# Action item
From the records below, print only the part that opens with the line containing "Vitek VT-8188" and closes with the line containing "Lofoten Islands: Unforgettable"; omit the pictures.

# Provided material
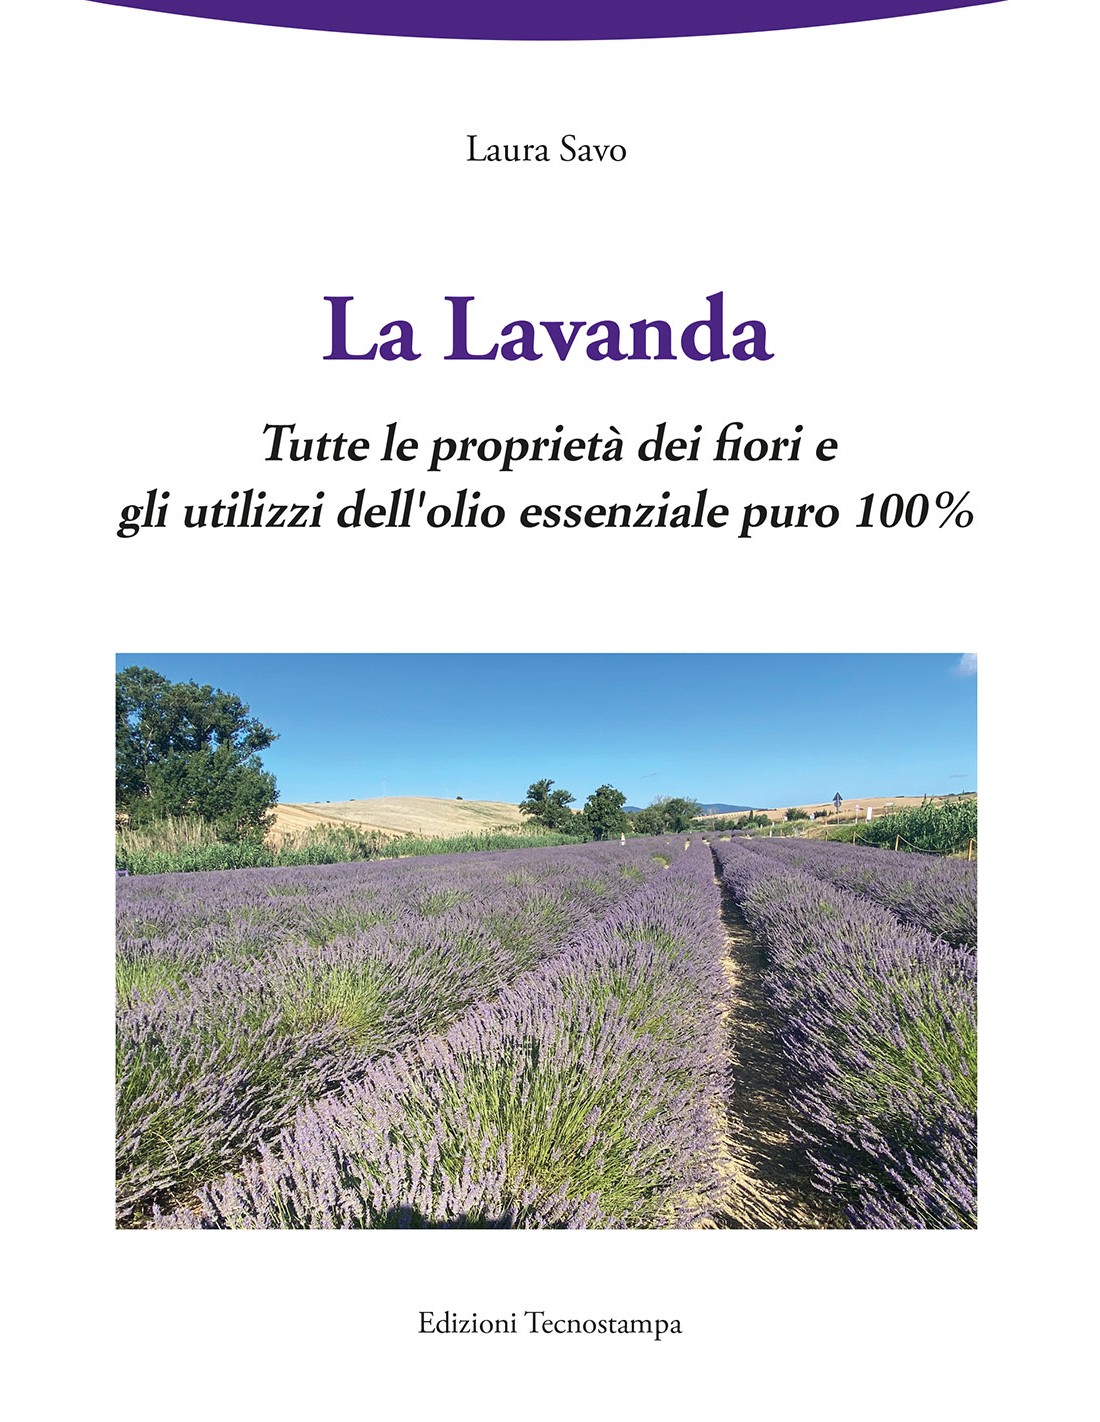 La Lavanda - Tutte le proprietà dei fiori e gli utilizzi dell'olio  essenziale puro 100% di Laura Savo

==

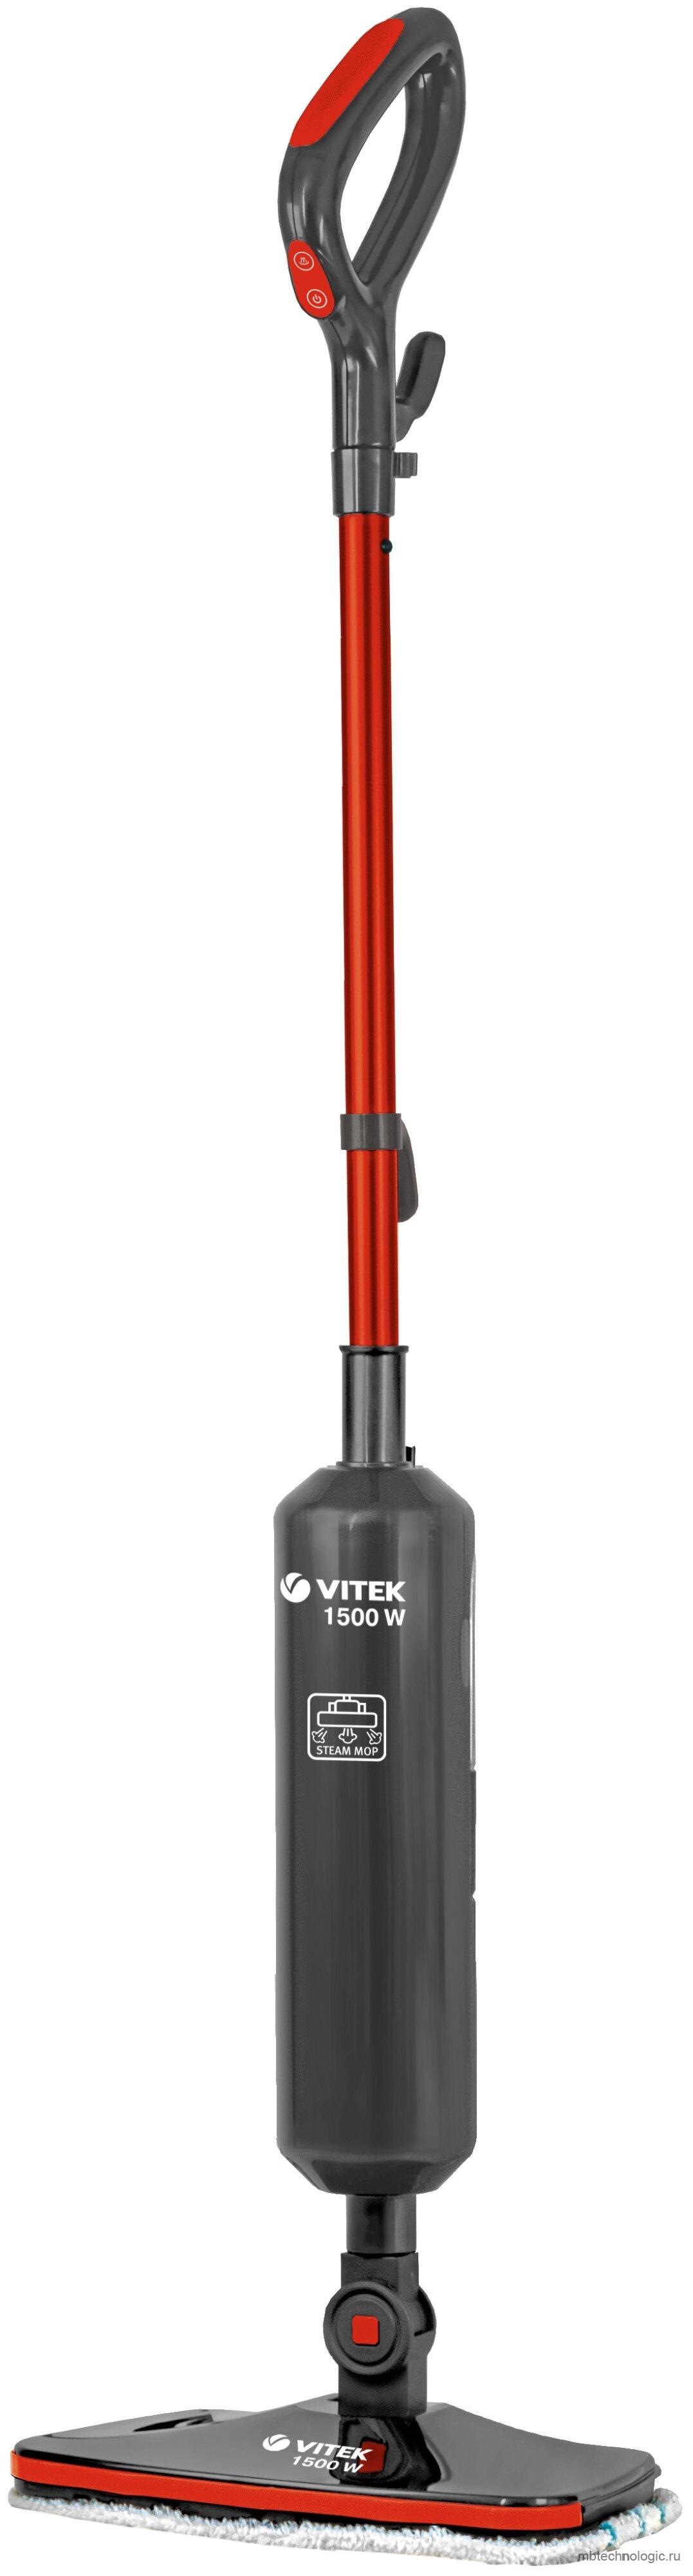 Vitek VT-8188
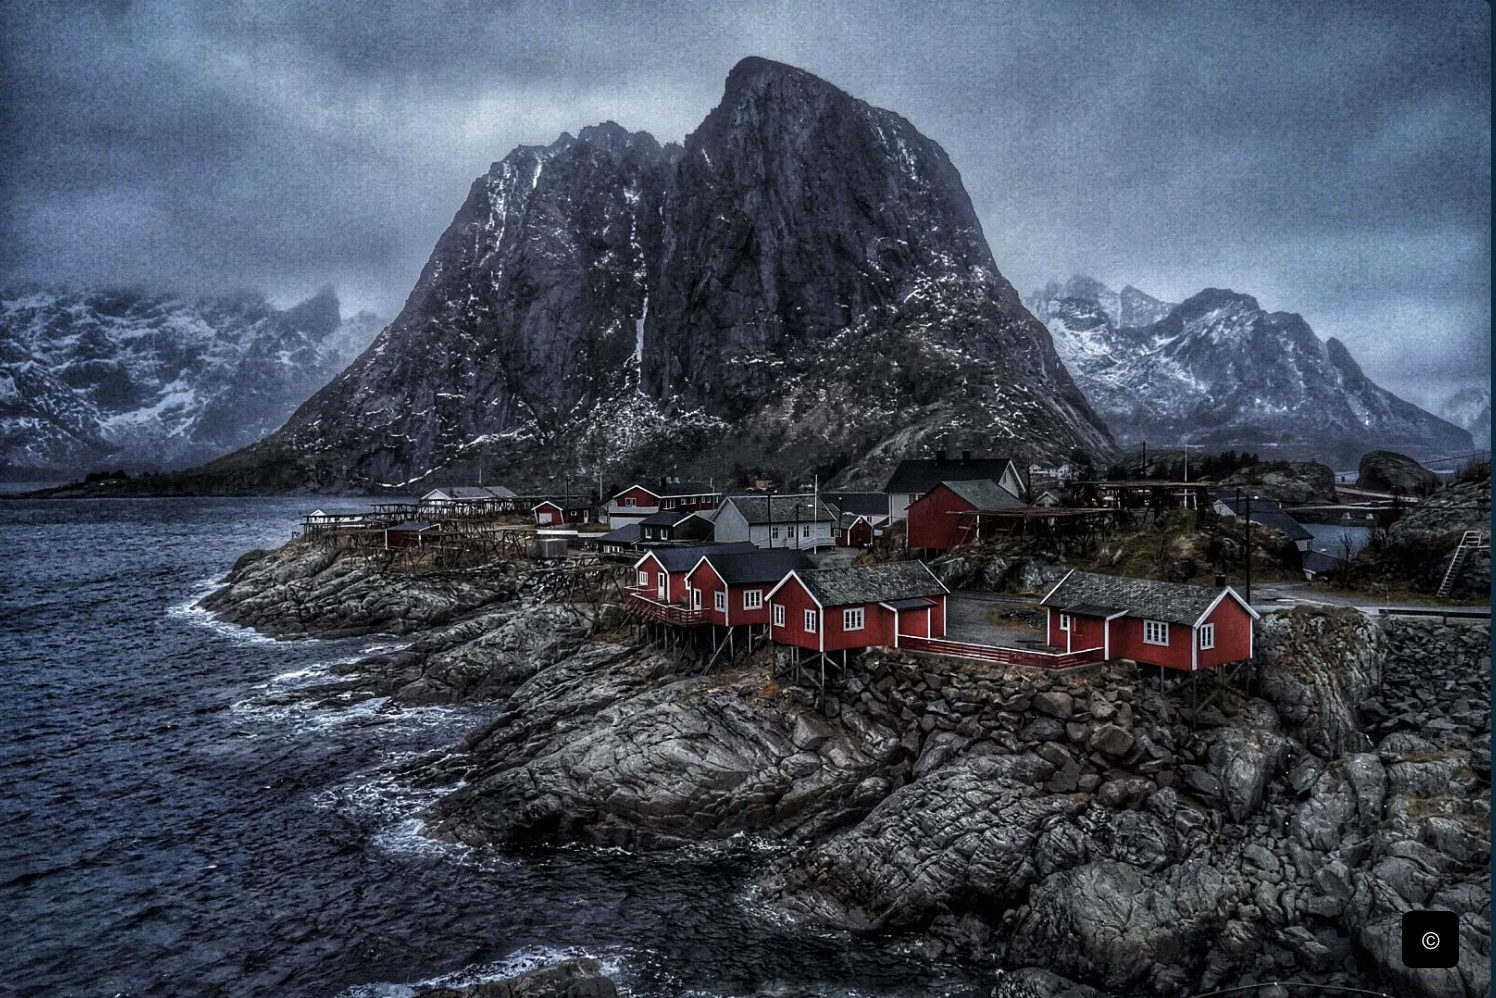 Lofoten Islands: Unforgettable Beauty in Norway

---

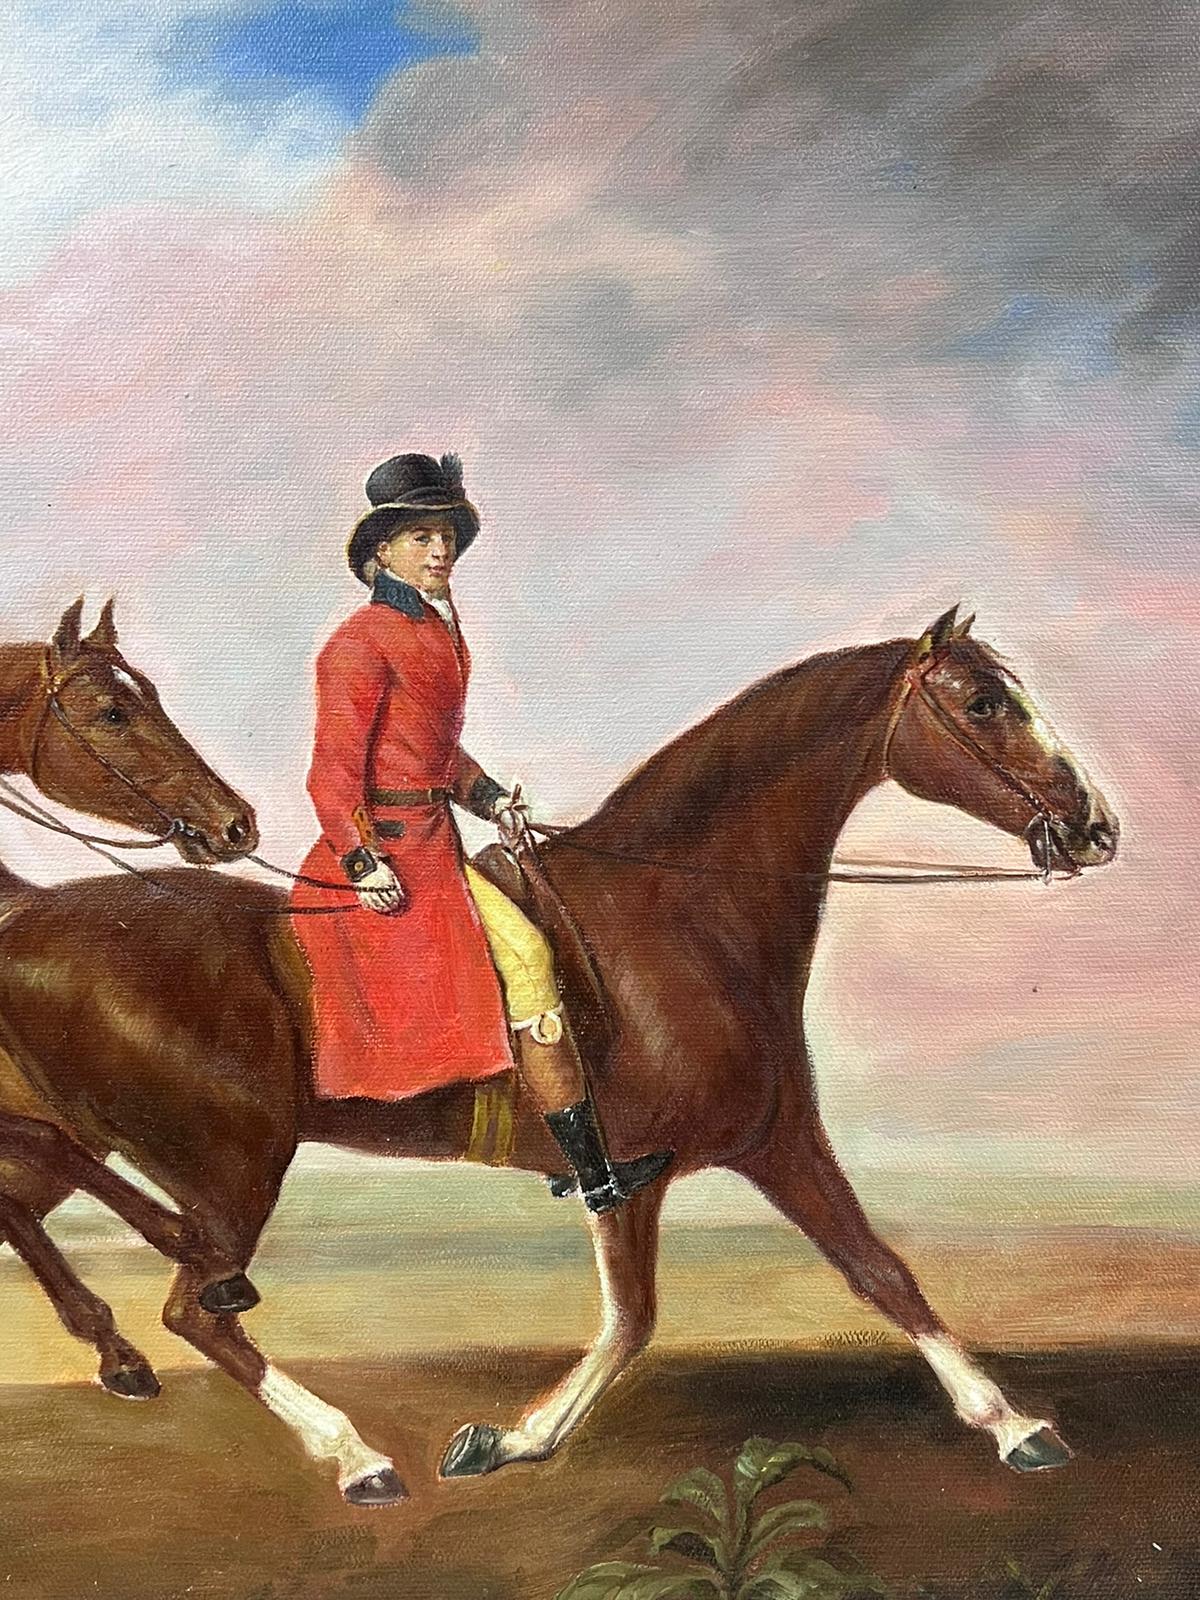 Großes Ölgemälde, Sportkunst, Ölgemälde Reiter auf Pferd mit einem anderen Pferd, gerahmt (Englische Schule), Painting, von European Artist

# Response to this task
 Vitek VT-8188
 Lofoten Islands: Unforgettable Beauty in Norway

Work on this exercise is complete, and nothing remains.